No no, you multiply both sides with A^k, not the inverse of A^k. A^k is namely the inverse of left-hand side. But as you can see, when you group (AA^-1) = I, you get one less A and one less A^-1. So what is AIA^-1? And what happens if you continue grouping the inner matrices together like that?

 

[trojansc82]

No no, you multiply both sides with A^k, not the inverse of A^k. A^k is namely the inverse of left-hand side. But as you can see, when you group (AA^-1) = I, you get one less A and one less A^-1. So what is AIA^-1? And what happens if you continue grouping the inner matrices together like that?

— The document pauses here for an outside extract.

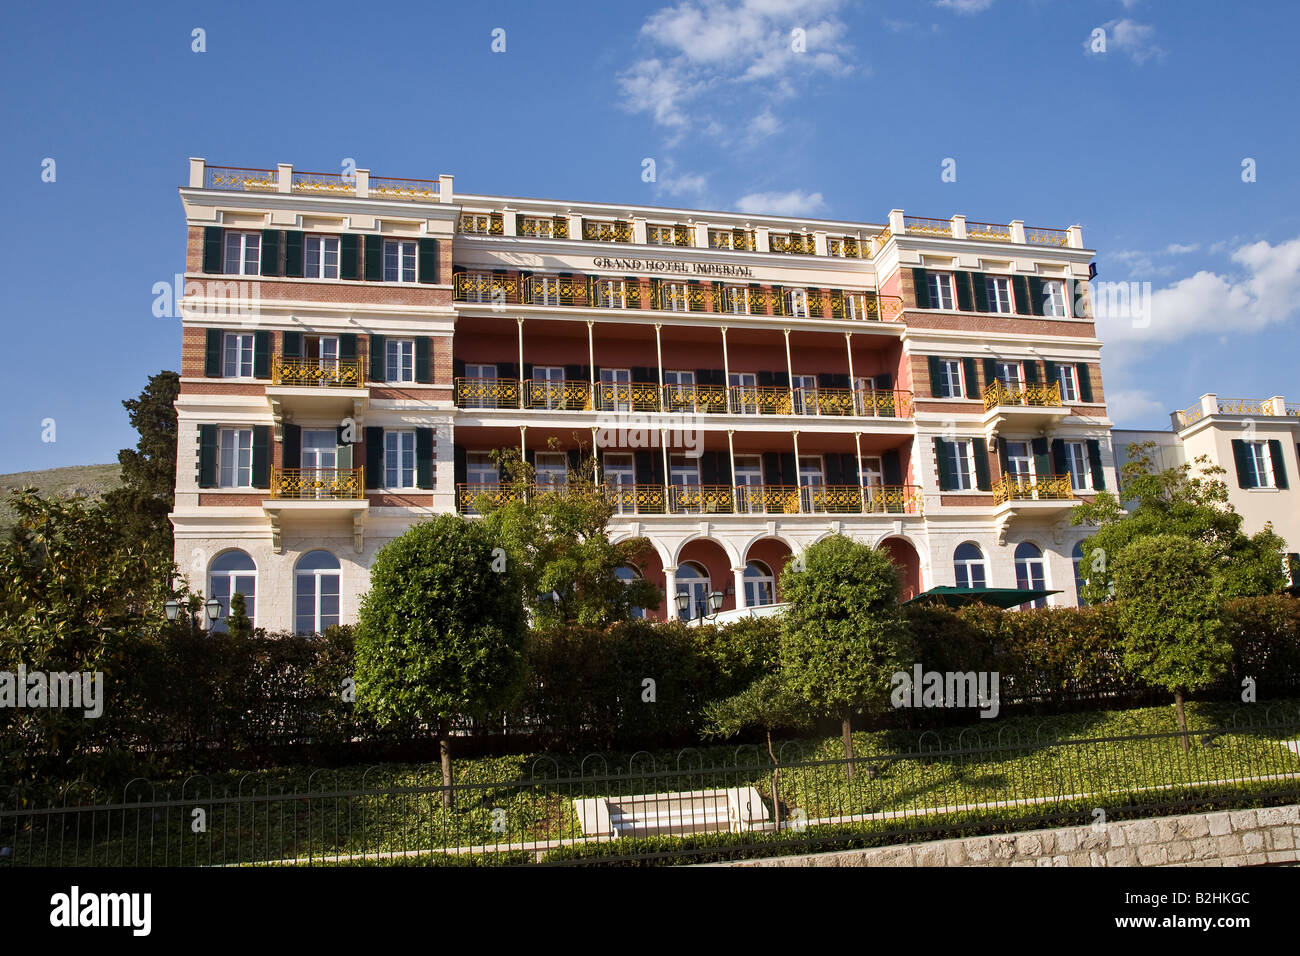 Hotel Imperial Stockfotos Hotel Imperial Bilder Alamy

Both sides should equal A^k because (AAA...AA)(A^-1A^-1A^-1...A^-1A^-1) will reduce to the identity matrix.

 

[Ryker]

You are right in saying both side will equal the identity matrix, but not A^k. Remember, you are multiplying by A^k to actually get the identity matrix. So as you can see, on the right-hand side you did the following: (A^-1)^kA^k = I. What does this tell you about (A^-1)^k in relation to A^k?

 

[trojansc82]

You are right in saying both side will equal the identity matrix, but not A^k. Remember, you are multiplying by A^k to actually get the identity matrix. So as you can see, on the right-hand side you did the following: (A^-1)^kA^k = I. What does this tell you about (A^-1)^k in relation to A^k?

It tells me that A^k is the inverse of (A^-1)^k, but I am not able to see it.

 

[HallsofIvy]

Did you notice Mark44's statement that this should be done by induction?
That way you can avoid writing those long lists of "A"s!

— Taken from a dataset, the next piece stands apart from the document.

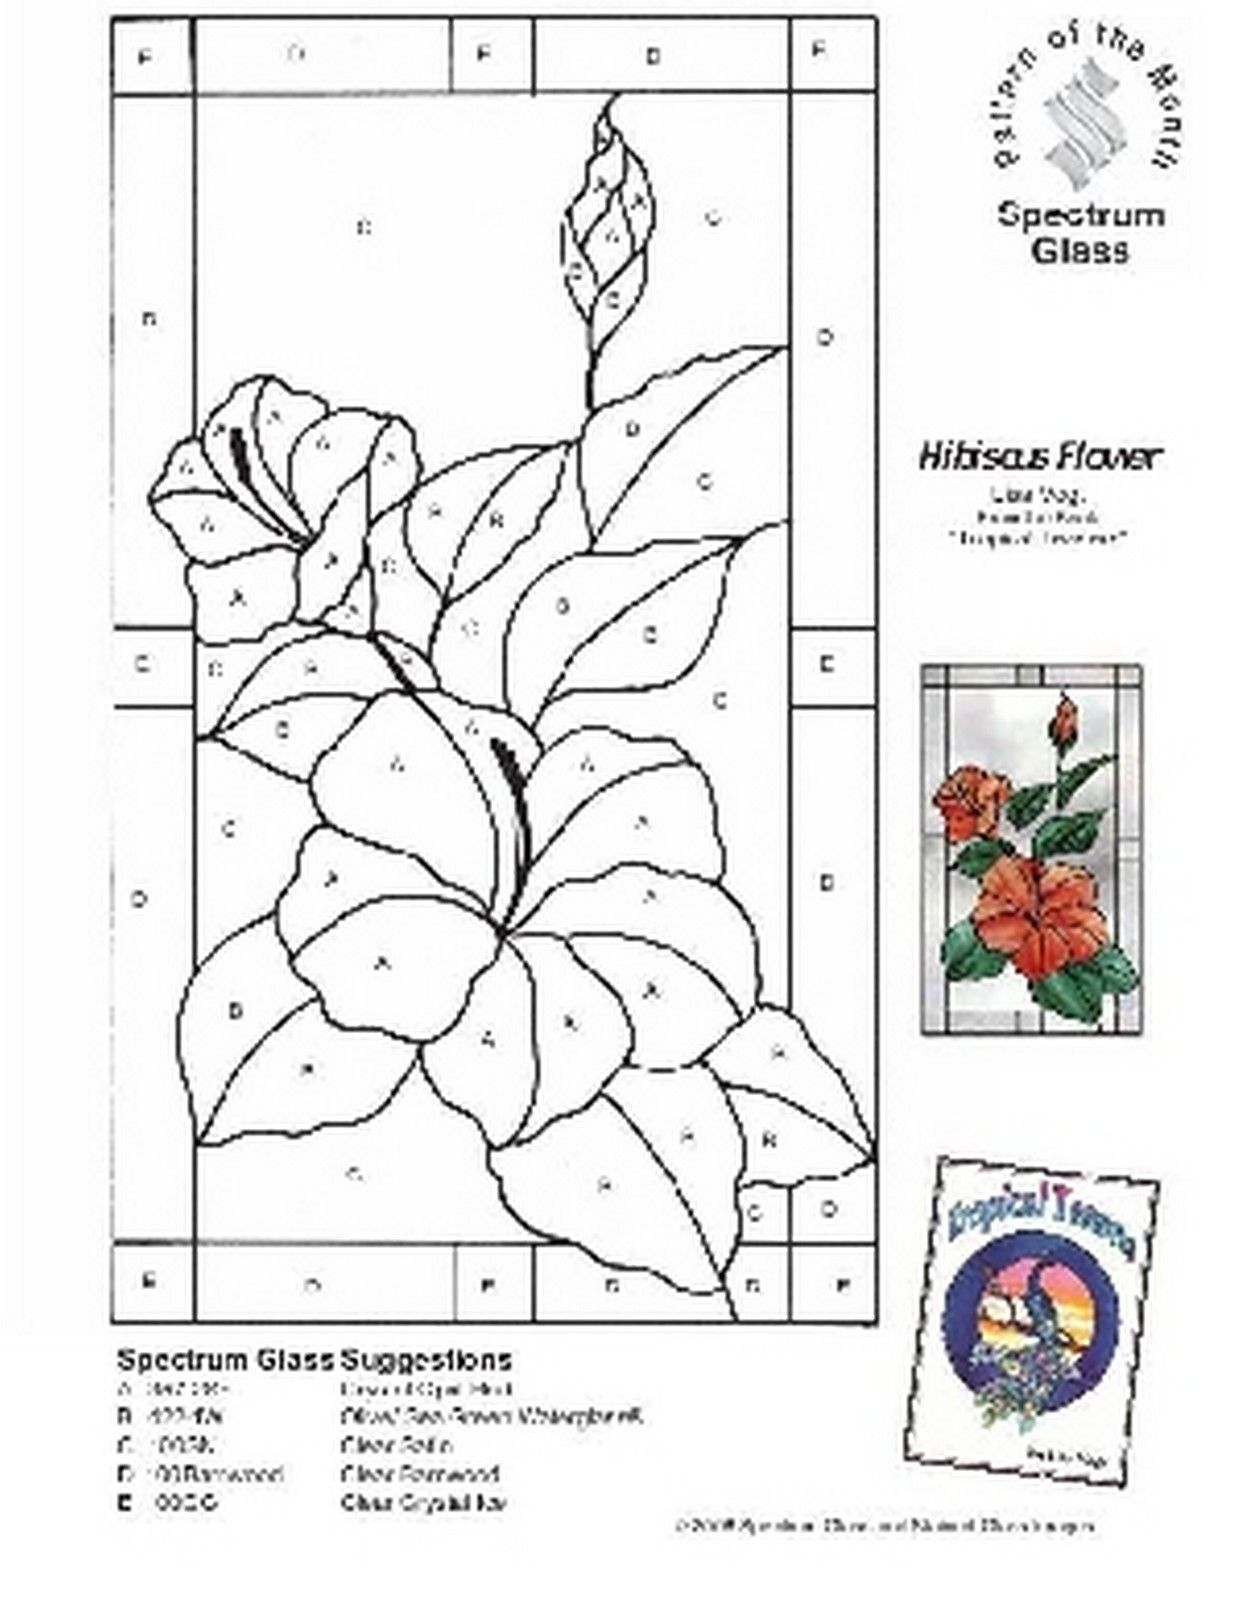 Free stained glass pattern 2293 hibiscus flower stained glass free stained glass pattern 2293 hibiscus flower izmirmasajfo

When n= 1, $(A^{-1})^1= A^{-1}= (A^1)^{-1}$

Now, assume that, for some k, $(A^{-1})^k= (A^k)^{-1}$

$(A^{-1})^{k+1}= (A^{-1})^k A^{-1}= (A^k)^{-1}A^{-1}$
while [itex](A^k)^{-1}= (A^kA)^{-1}= A^{-1}(A^k)^{-1}[/tex]

 

[Ryker]

It tells me that A^k is the inverse of (A^-1)^k, but I am not able to see it.

Exactly! Or more importantly, (A^-1)^k is the inverse of A^k. But we already know (A^k)^-1 is an inverse of A^k. So can a matrix have two different inverses?

And when you said you don't see it, what do you mean?